One might be led to believe that the current administration is in favor of expanding retirement savings opportunities. After all, the DOL has somewhat apologetically subverted ERISA to allow the States to sponsor employer-based savings plans. And the President’s recently proposed budget endeavors to provide a national retirement savings program. (See page 135 of the General Explanations of the Administration’s Fiscal Year 2017 Revenue Proposals) So why then would the IRS reverse two decades of regulation that favors cross-tested plans in small businesses, an action that might cause many small employers to terminate their qualified plans or amend them to reduce the employer contribution to employee’s accounts?

Some background may be in order. Cross-tested defined contribution plans are allowed to test equivalent benefit accrual rate (EBAR) groups separately using the ratio percentage test or the average benefits test. Unlike testing for coverage, application of the average benefits test here does not include testing for a reasonable business classification. This has permitted cross-tested plans to create small rate groups each of which meets the modified average benefits test and permits greater relative nonelective contribution (NEC) amounts for HCEs. Typically, the average benefits test for cross-testing finds that the EBARs for HCEs are the same or less than the EBARs for NHCEs. Notwithstanding this EBAR comparison, this allows for a sizeable difference in nonelective contribution allocation rates that benefit the HCEs who are often older and certainly more highly compensated. To take advantage of this otherwise seeming-to-discriminate structure, the plan must provide a gateway NEC of at least 5% of compensation for all eligible NHCEs, a rather generous employer minimum contribution. This trade-off was seen as a fair differentiation that would allow small business owners the opportunity to “skew” contribution allocation rates in their favor while at the same time providing their employees with a meaningful account addition. This has led to adoption of thousands of cross-tested plans benefitting many NHCEs around the country.

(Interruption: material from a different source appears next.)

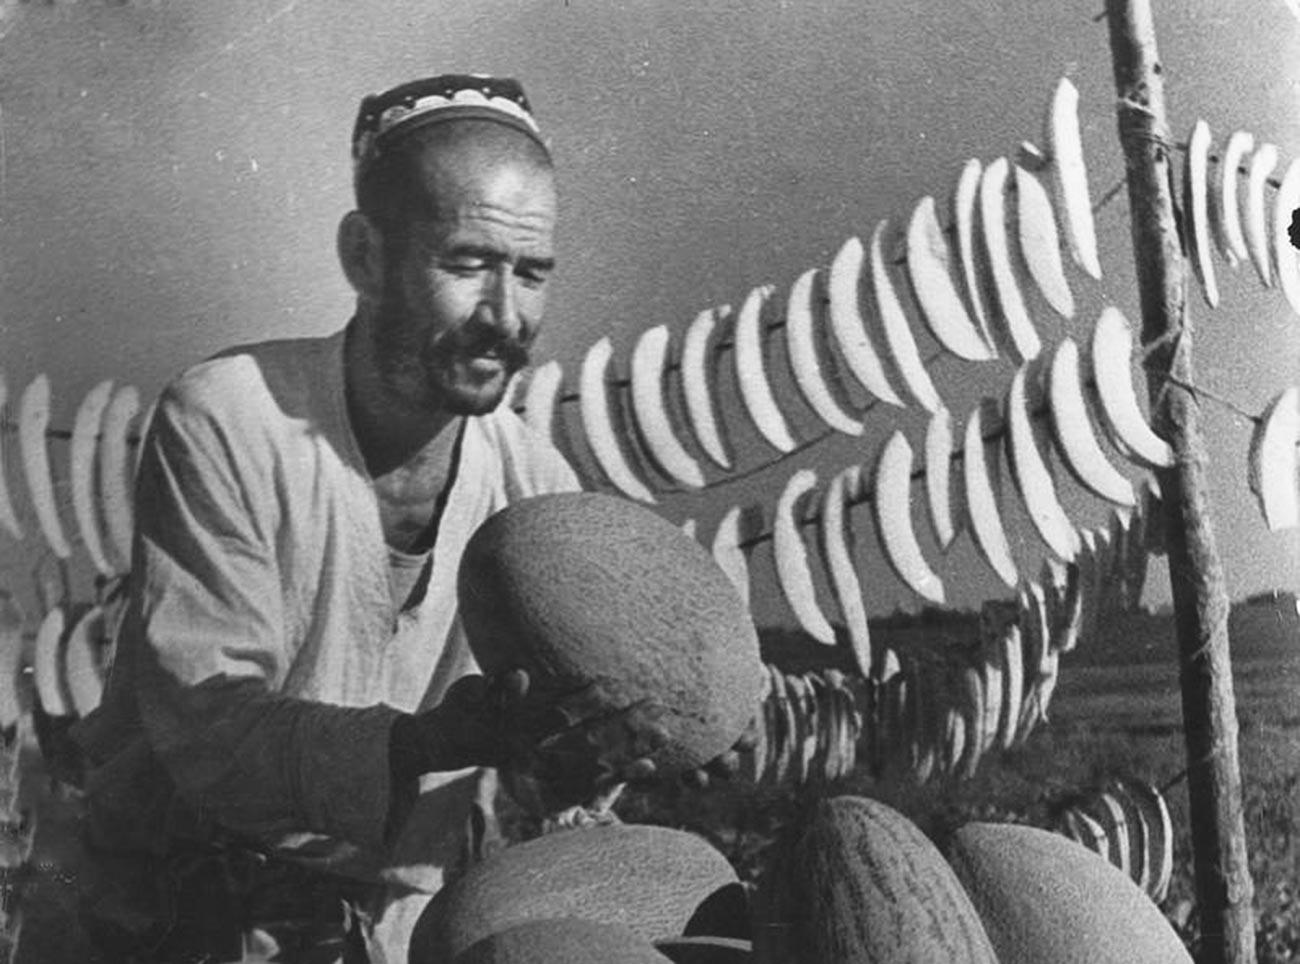 Торговец дынями, Узбекская ССР, 1930-ые.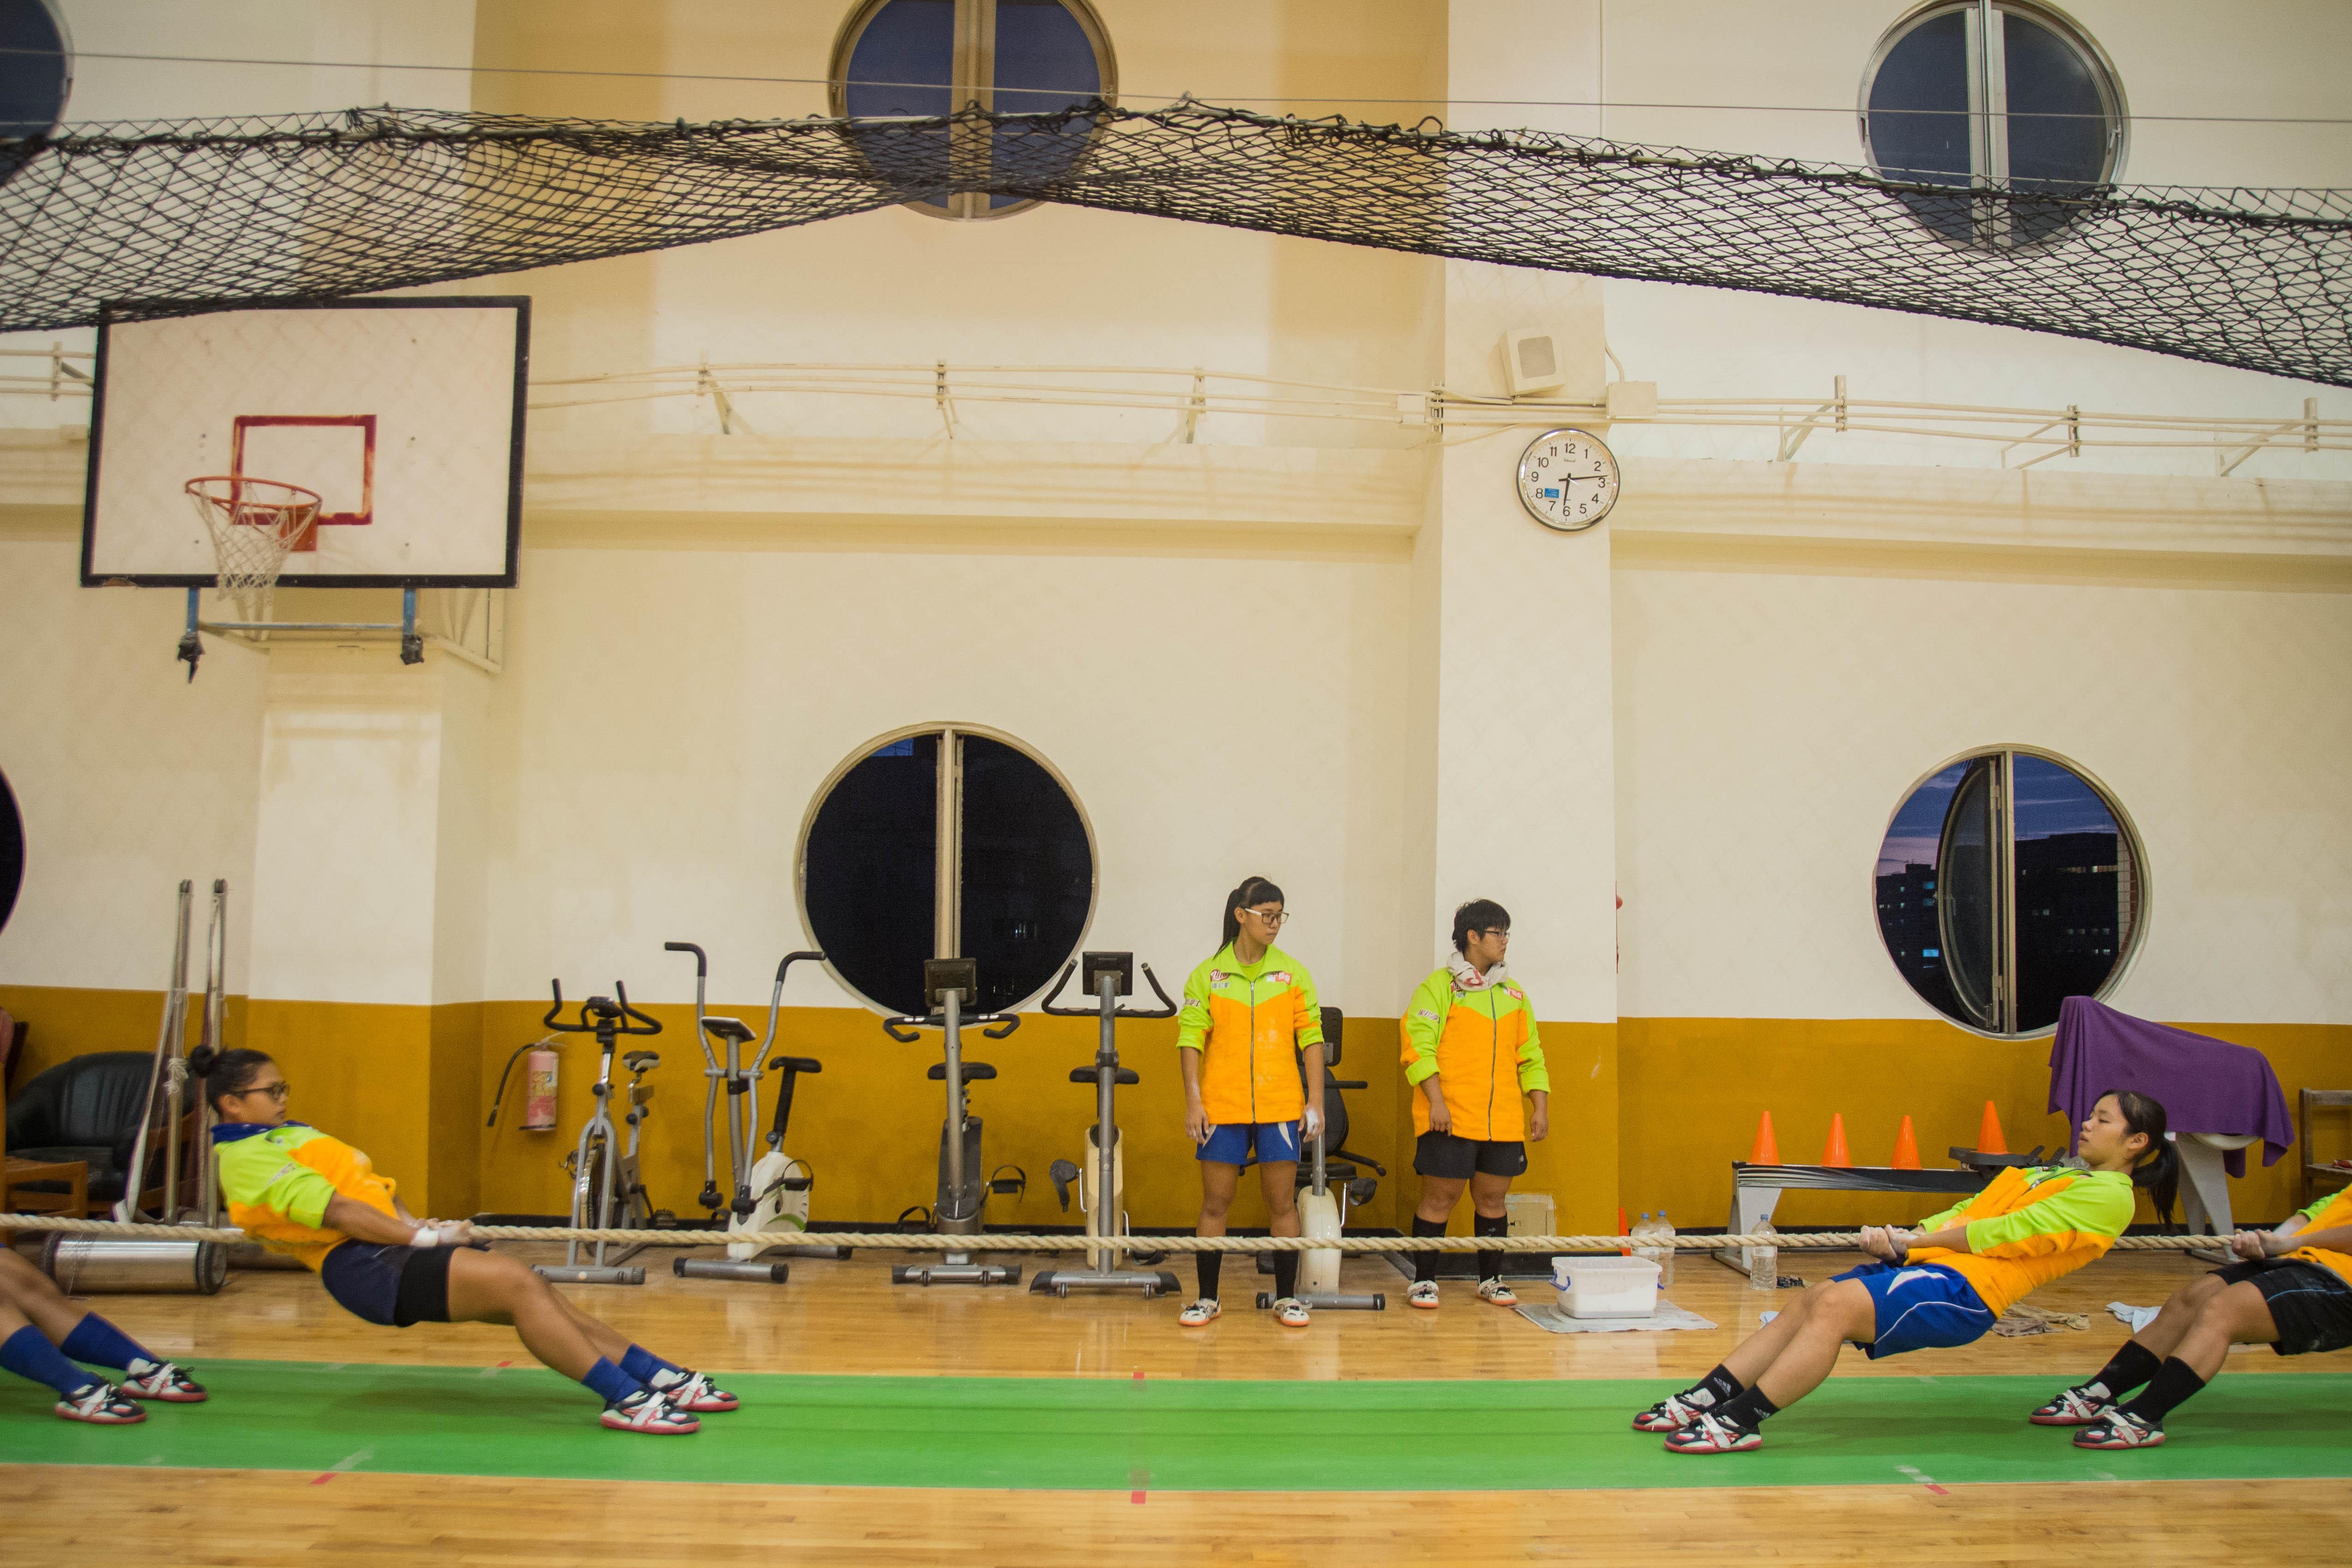 拔河隊首重團隊合作,耐力拉拔更是每天練習不可或缺的環節。

The proposed rule upends the trade-off. By adding the reasonable business classification requirement to the average benefits test for cross-testing purposes (and, of course, leaving the gateway contribution in place), the IRS, in proposed regulation §1.401(a)(4)-13, will force many cross-tested plans to use the ratio percentage test at a far greater cost since the small rate group approach will be eliminated. That will require an increase in the EBARs for the NHCEs in order for a larger rate group to pass the ratio percentage test if the EBAR for the specified HCE is static. That will require a greater NEC for NHCEs, an increased cost that many small businesses simply cannot afford or will not want to contribute for other business reasons (like the high cost of health insurance). And the average benefits test will not be palatable since small rate groups that often include only one NHCE will not be based on a reasonable business classification. A reasonable business classification is based on “all the facts and circumstances . . ., is reasonable and is established under objective business criteria that identify the category of employees who benefit under the plan. Reasonable classifications generally include specified job categories, nature of compensation (i.e., salaried or hourly), geographic location, and similar bona fide business criteria. An enumeration of employees by name or other specific criteria having substantially the same effect as enumeration by name is not considered a reasonable classification.” Treas. Reg. §1.410(b)-4(b). Of course, a “facts and circumstances” test often presents an unknown, one that small businesses are not likely to embrace.

So, why, after all these years, would the IRS change the rule to make it more expensive to sponsor a cross-tested plan, possibly causing many small employers to amend their plans to eliminate NECs or even terminate their plans? The answer may lie in looking at who most adopts these plans. Although there are no available statistics, it is commonly understood that many, possibly the majority of, cross-tested plans have been adopted by professional practices including those dastardly doctors and lawyers, seemingly high earners that the IRS may believe want nothing more than to take advantage of their employees. If the rule is finalized, the affect will likely be a reduction in the size of employer contributions to the accounts of those NHCEs fortunate enough to be participants in cross-tested plans. The impact of the new rule would seem to be contrary to the policy goal of expanding coverage for NHCEs. When looking at annual contribution limits under current law and the President’s goal of limiting the size of a tax-favored account (see the Proposal beginning on page 167 of the General Explanations of the Administration’s Fiscal Year 2017 Revenue Proposals) that would prevent the doctors and lawyers from getting a perceived too large a share of the tax advantage, it doesn’t seem to make policy sense to disrupt a plan structure that provides the gateway contribution for NHCEs.